Monday, May 31, 2010
In yesterday's New York Times Book section, Jacob Heilbrunn reviewed Jonathan Alter's hagiography of Barack Obama, The Promise: President Obama, Year One.
"Obama himself had two sides -- Chicago community organizer and Ivy League meritocrat. The meritocrat won out. According to Alter, 'Obama's faith lay in cream rising to the top. Because he himself was a product of the great American postwar meritocracy, he could never fully escape seeing the world from the status ladder he had ascended'."
Heilbrunn and Alter are glossing over one inconvenient fact: Obama has employed an army of lawyers and has spent over $950,000 making sure that his academic records remain sealed. If his SATs or LSATs or his transcript were anything to boast about, why would he spend this much effort keeping those scores a secret? And if they were mediocre -- as his actions suggest -- would he have gotten into Columbia and Harvard Law School without affirmative action?
Of course not.
What Obama is a product of is the great American post-Viet Nam War affirmative action-ocracy.

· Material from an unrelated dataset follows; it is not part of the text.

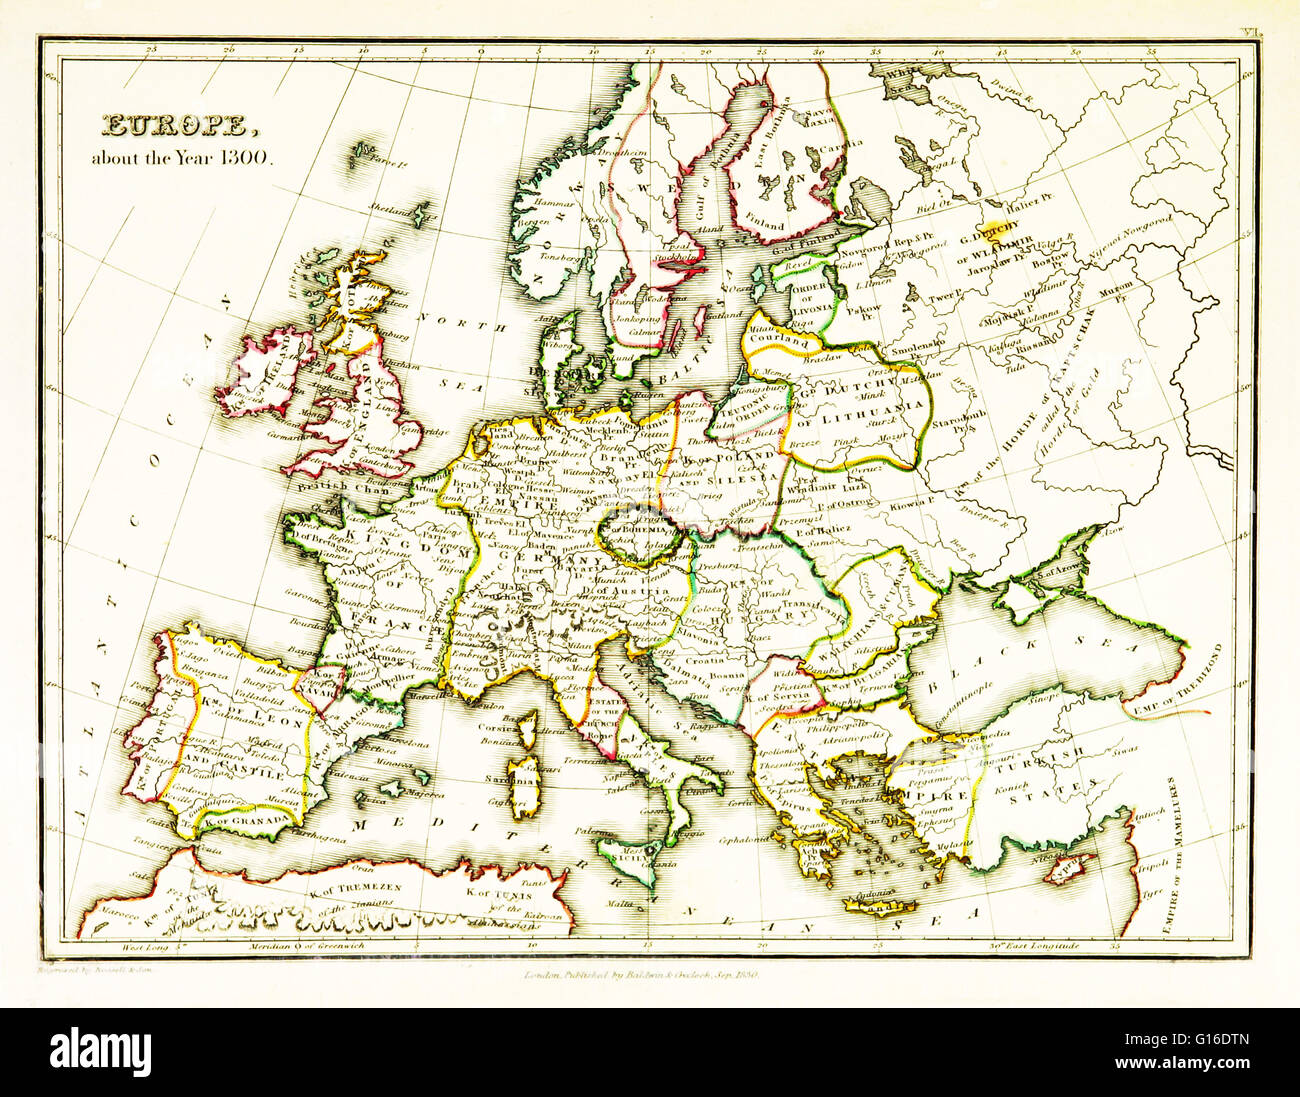 Eine Karte von Europa, territoriale Grenzen, die im 14. Jahrhundert, speziell 1300 bestehenden zeigen. Karte veröffentlicht 1831. Stockfoto

But the very concept of affirmative action is antithetical to merit. If you believe in a meritocracy, then, ipso facto, you should believe in judging people on their merits, not by the color of their skin. You should also believe in the value of SAT scores (whose correlation with IQ is .9). Or better yet, you believe in the concept of IQ itself.
But IQ differentials are the type of thing that liberals prefer to sweep under the rug, unless it suits their purposes. They're willing to say that cream rises to the top, as long as Obama is the cream you're talking about. When it comes to Obama's success, his sheer native brilliance -- IQ, if you will -- explains all. But if you want to look closely at any objective measures of his intelligence -- say, his SAT or LSAT scores, or his excessive reliance on the Teleprompter, forget it. And if you use IQ differentials to explain or analyze anything else, well, then you're a bad person.
The other misleading implication here is that Obama himself has faith in "cream rising to the top." Obama's entire career -- from community organizer to Illinois state Senate member to US Senator to President -- has been all about supporting racial set-asides, which, again, have nothing to do with merit and everything to do with skin color.
If Barnes and Noble and Borders have any sense, they'll place Alter's book in the fiction section.